A major fast food franchisor breathed a sigh of relief when the Fair Work Commission declined to cancel an expired agreement with retrospective effect, despite an employee urging it to do so. The employee had argued that since the agreement had expired two and half years previously, the cancellation should operate from the day after the agreement expired.
This would have presented the employer with a serious problem, because the award had ‘caught up’ with the agreement in some areas, so there would be a great deal of effort needed to ensure the 109,000 employees had been paid properly. The administrative effort required would have been substantial.
The FWC also examined the retrospective claim from a legal perspective and made the finding that it is only in exceptional circumstances that the rights and responsibilities of the parties should be altered retrospectively.

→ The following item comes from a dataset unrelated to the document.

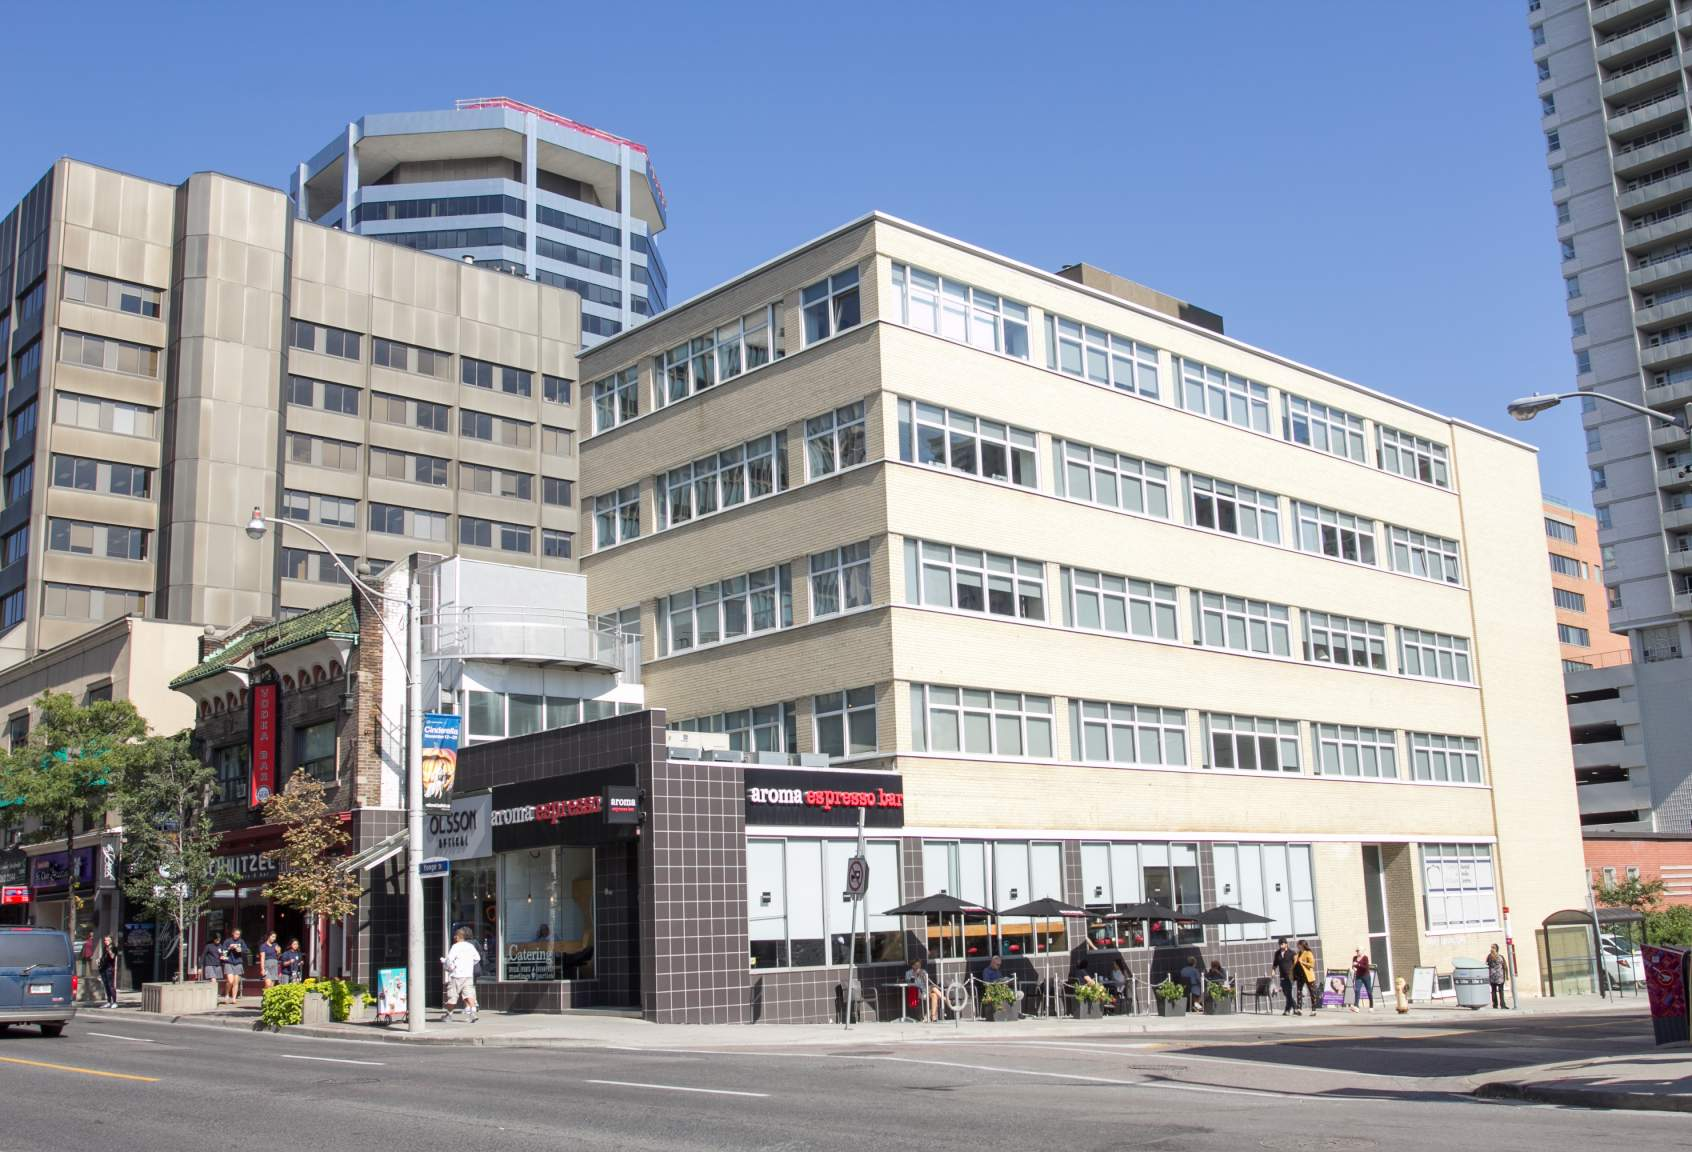 1407 Yonge St.

It noted that the Fair Work Act specifically provides that no penalty can be ordered against a person for conduct that occurred before a retrospective determination is made, if that conduct did not breach the minimum award rates (a separate normal obligation anyway).
This, the FWC reasoned, was further proof of the intention of parliament to ensure that retrospectivity remained a rare occurrence. The decision lists six substantial factors weighing against the backdating argument. Ultimately, the FWC indicated that it would take something truly extraordinary, truly exceptional, to backdate a decision of this kind. In the absence of that, and the fact that the employee made no effort to have the agreement cancelled until nearly two years had elapsed, the FWC declined to do so.